SUBSCRIPTION PARTICPATION AGREEMENT
CWF Enterprises LLC dba Capwell Services (“Master Subscriber”) has entered into an agreement with United Franchise Group (“UFG”) to offer to UFG Franchisees participation in a license which Master Subscriber has obtained from ZoomInfo Technologies, LLC for access to and use of the ZoomInfo online platform available at www.zoominfo.com (the “ZoomInfo Platform”). The undersigned UFG Franchisee (”Subscriber”) hereby agrees to participate in the license offered by Master Subscriber to the ZoomInfo Platform according to the terms and conditions as set forth in this Subscription Participation Agreement (“Agreement”).
- TERM- 10/26/2025 to January 31, 2026 (“Term”).

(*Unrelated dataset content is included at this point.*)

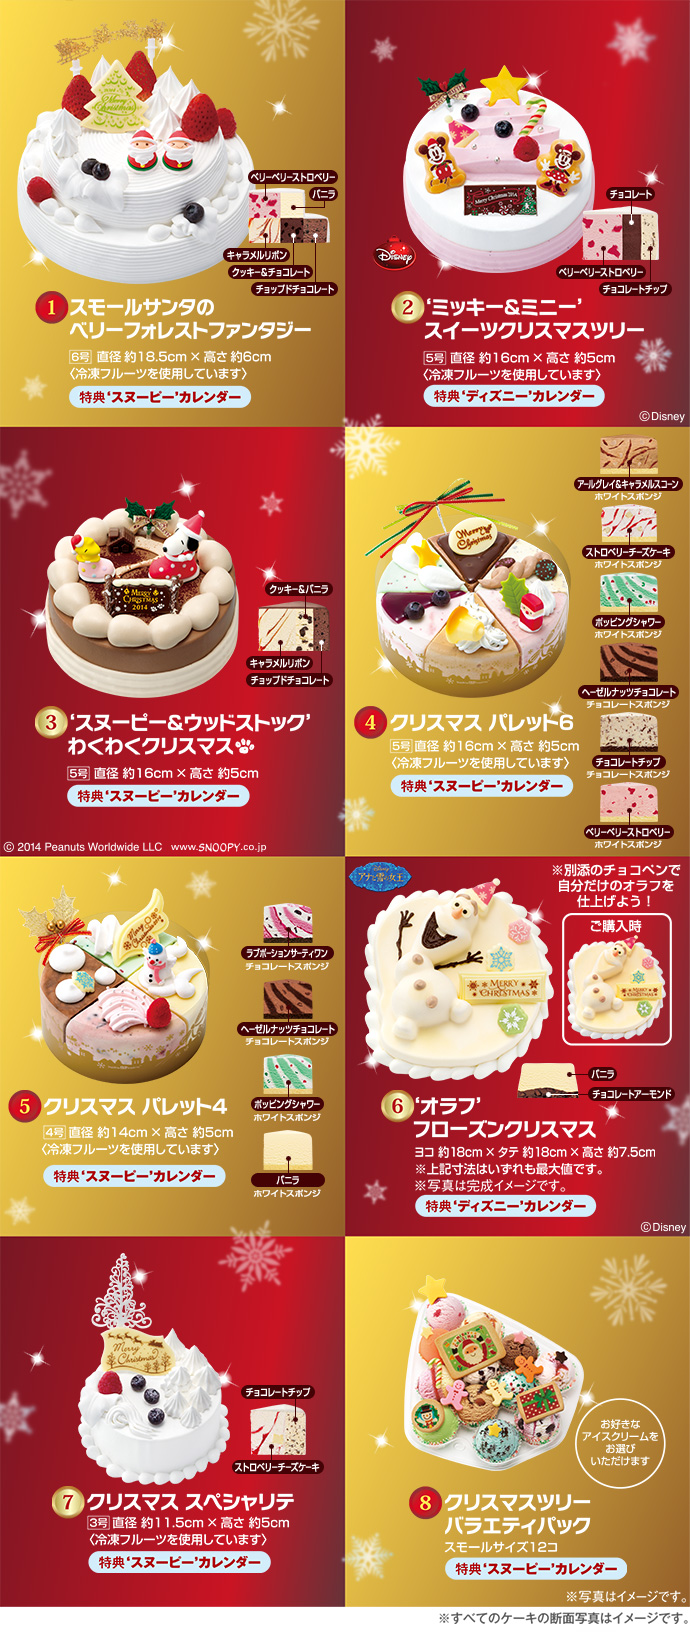 きらきら ブリリアント 欠乏 31 アイス ケーキ 値段 クリスマス Fans Ent Jp

- SUBSCRIPTION FEE-Subscriber agrees to pay the following Subscription Fee:
4 Monthly Payments- If Subscriber elects to pay monthly for the license, the Subscription Fee is $699.00 per month [3% additional monthly service fee for credit cards/no fee for ACH.]
- USAGE LIMITS- Each Subscriber is subject to the following usage limits:
-Intent Data: 6 global topics included
-Maximum export of 1000 records per month
-Maximum views of 2000 records per month
-North American Data Passport
-Standard Support
- CANCELLATION POLICY- Monthly Subscribers may cancel their subscription at any period of the Term upon payment of a cancellation fee equal to 50% of the remaining balance due for the Term.
- LATE PAYMENTS. In the event that Monthly Payments are not paid on time, after fourteen (14) days, access to ZoomInfo will be frozen and Subscriber will be required to pay a late fee of $25 to reinstate access or the subscription will be cancelled and the cancellation fee charged.
- REFUND POLICY- There are no refunds available to Subscribers except in the event of error or negligence on the part of Master Subscriber, as determined at the sole discretion of Master Subscriber.
- LICENSE TERMS AND CONDITIONS- Subscriber agrees to be bound by the terms of the ZoomInfo License Terms and Conditions (“LTC”) available at https://www.zoominfo.com/legal/ltc which is incorporated herein by reference.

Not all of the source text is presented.